Since the data types of string and byte are relatively similar, only a Cap representation is added to the SliceHeader of byte.

Yes in read string. The difference between him and Slice is that Slice can grow dynamically. This is why Slice has an additional Cap attribute.

2. Performance difference

var x = "hello world"

// Benchmark bytestostring zero copy
func BenchmarkBytesToString(b *testing.B) {
   for i := 0; i <= b.N; i++ {
      _ = StringToBytes(x)
   }
}

//BenchmarkBytesToStringNormal native
func BenchmarkBytesToStringNormal(b *testing.B) {
   for i := 0; i <= b.N; i++ {
      _ = []byte(x)
   }
}

Use the above test cases to test the execution efficiency of the two methods, as follows:

go test -bench="." -benchmem

BenchmarkBytesToString-8                1000000000               0.3072 ns/op          0 B/op          0 allocs/op
BenchmarkBytesToStringNormal-8          238276338                5.011 ns/op           0 B/op          0 allocs/op
PASS
ok      hello/cmd       2.944s

Using forced type conversion, each operation takes 0.3072 nanoseconds, and there is no memory allocation

Using the [] byte() method of the system, each operation takes 5.011 nanoseconds, and there is no memory allocation

At this time, a question arises: why does the system's string to byte not generate memory allocation? Let's look at the source code processing of go

// The constant is known to the compiler.
// There is no fundamental theory behind this number.
const tmpStringBufSize = 32

type tmpBuf [tmpStringBufSize]byte

func stringtoslicebyte(buf *tmpBuf, s string) []byte {
	var b []byte
	if buf != nil && len(s) <= len(buf) {
		*buf = tmpBuf{}
		b = buf[:len(s)]
	} else {
		b = rawbyteslice(len(s))
	}
	copy(b, s)
	return b
}


// rawbyteslice allocates a new byte slice. The byte slice is not zeroed.
func rawbyteslice(size int) (b []byte) {
	cap := roundupsize(uintptr(size))
	p := mallocgc(cap, nil, false)
	if cap != uintptr(size) {
		memclrNoHeapPointers(add(p, uintptr(size)), cap-uintptr(size))
	}

	*(*slice)(unsafe.Pointer(&b)) = slice{p, size, int(cap)}
	return
}

From the above code, we can see that in the type conversion, runtime will be advanced in length judgment, if the length is less than len(buf), that is, the length of tmpStringBufSize, directly copy(b, s), the current tmpStringBufSize length is 32. When the string length is greater than 32, a memory request will be made and the rawbyteslice function will continue to be called. Calculate the memory size to be applied according to the length of the string. Therefore, when the string is too large, and then type conversion, it will cause frequent memory applications, and the performance will decline.

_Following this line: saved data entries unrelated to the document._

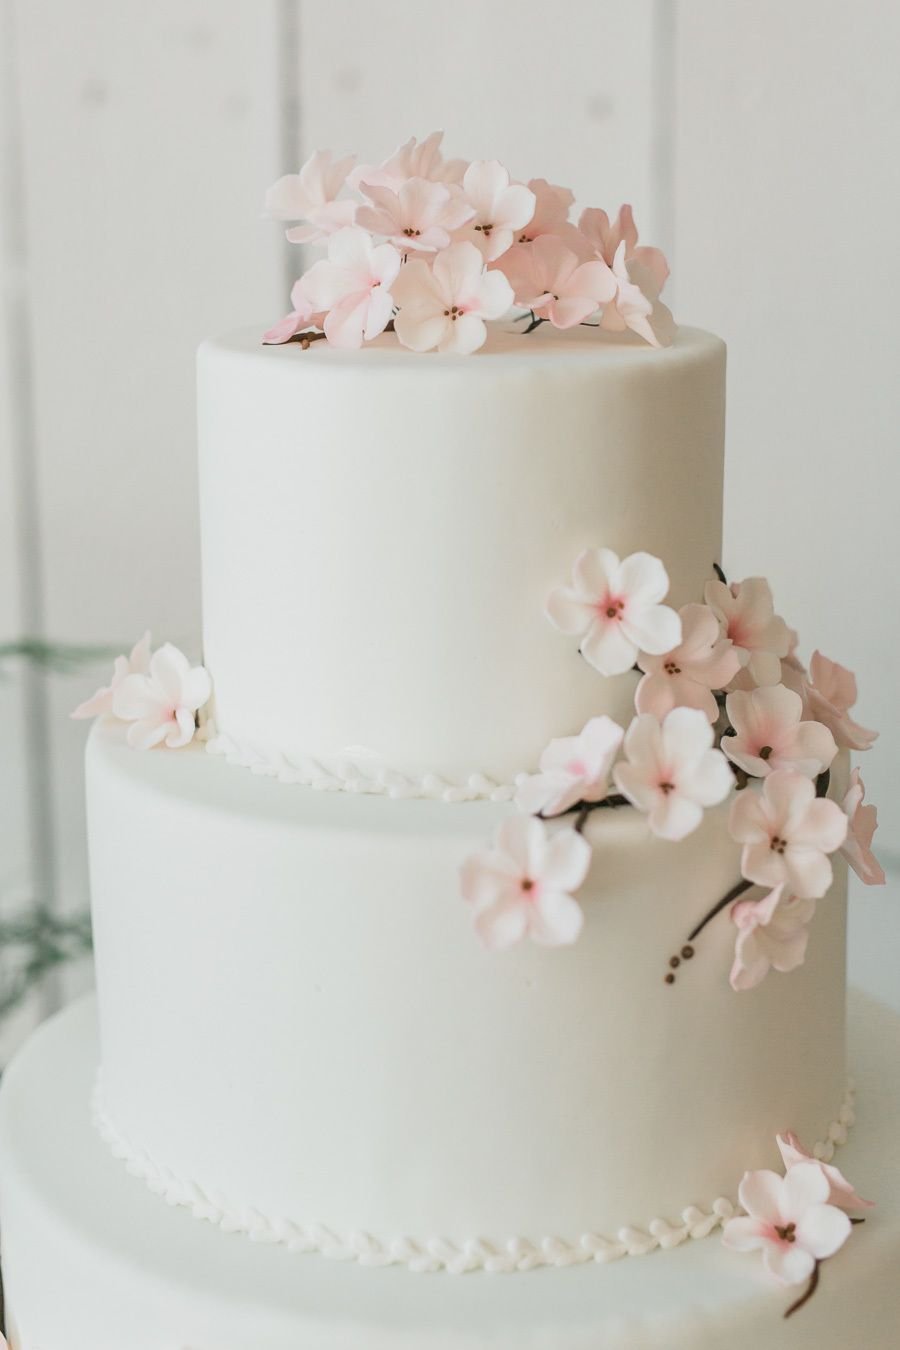 Свадебный торт с инициалами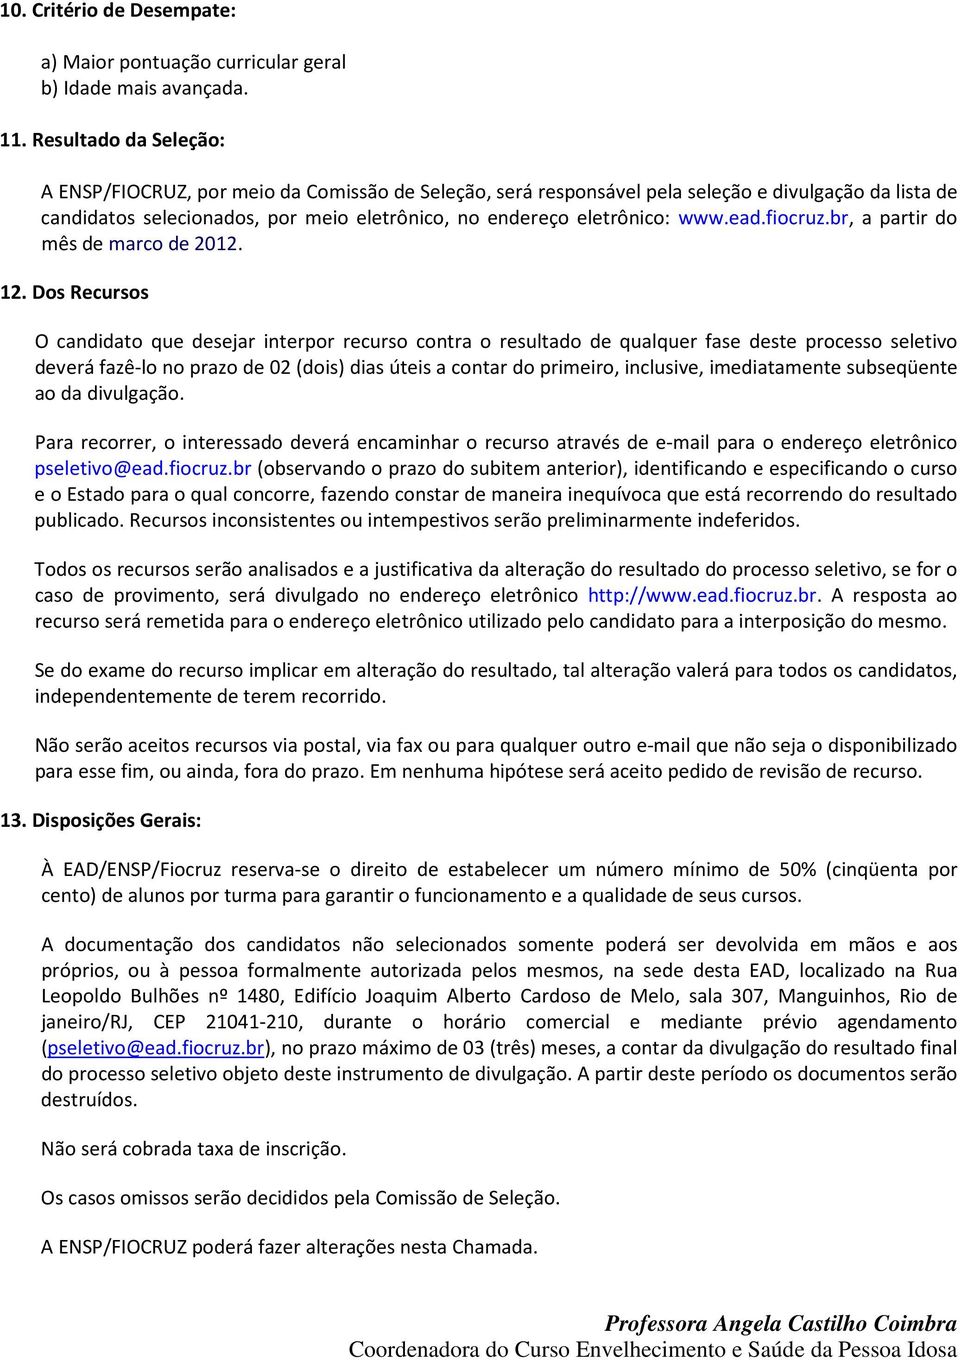 ead.fiocruz.br, a partir do mês de marco de 2012. 12.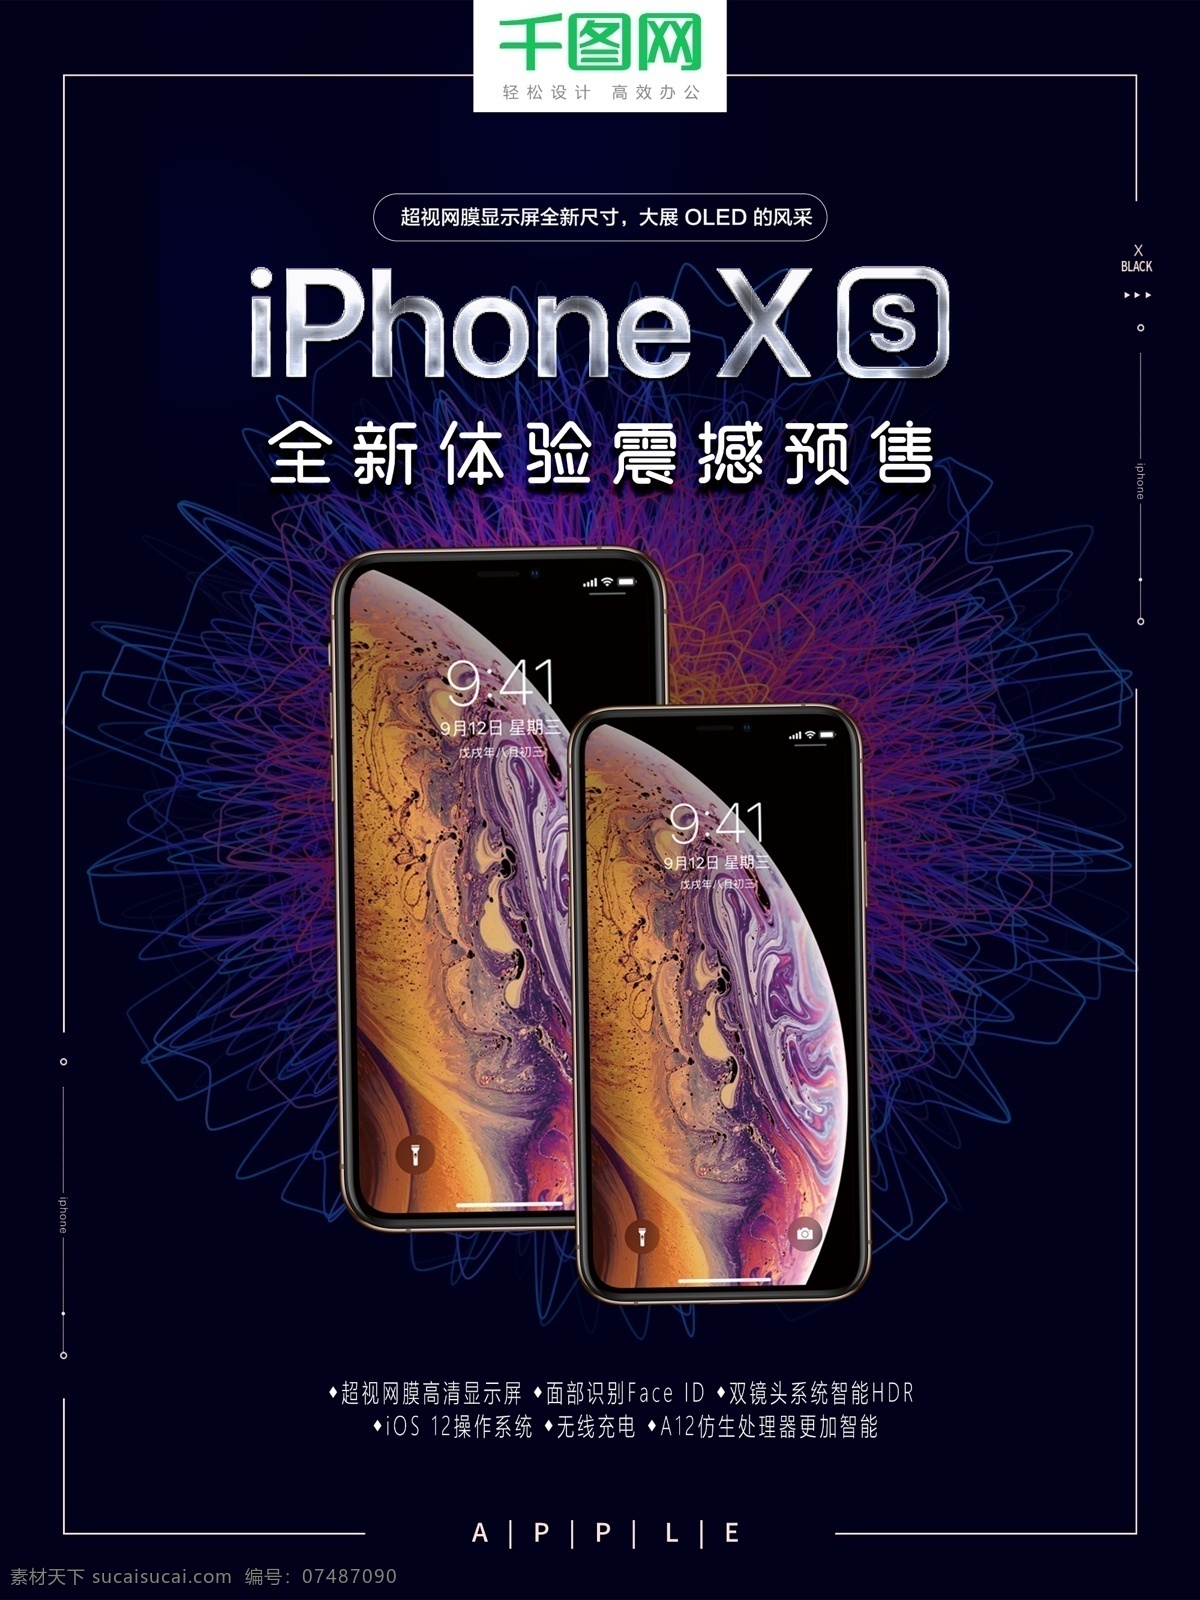 2018 年 iphonexs 新品 预售 海报 苹果预售海报 苹果手机 iphone 苹果秋季新品 新款 苹果

Now let's use the super large string to test, and then look at the test results

var x = `hello world
hello world hello worldhello worldhello world
hello worldhello worldhello worldhello world
hello worldhello worldhello worldhello worldhello
`
BenchmarkBytesToString-8                1000000000               0.3075 ns/op          0 B/op          0 allocs/op
BenchmarkBytesToStringNormal-8          20812899                49.95 ns/op          160 B/op          1 allocs/op

As you can see, the performance has decreased almost tenfold, while the forced type conversion has not changed significantly.

3. Ask one more why?

Since the cast performance is so high, why do we often use the built-in method of the system? Or why not replace the system built-in with cast? Let's look at the following code:

// Mode 1
func main() {
	b := []byte("hello")
	b[1] = 'S'
	fmt.Println(string(b))
}

// Mode 2
func main() {
	defer func() {
		err := recover()
		if err != nil {
			log.Println(err)
		}
	}()
	x := "hello"
	b := StringToBytes(x)
	b[1] = 'S'
	fmt.Println(x)
}

As mentioned earlier, go's string is read-only by default. This is a similar setting in many languages, such as Rust, which has been popular in recent years. The co process of go is the highlight of this language, which can effectively reduce lock competition.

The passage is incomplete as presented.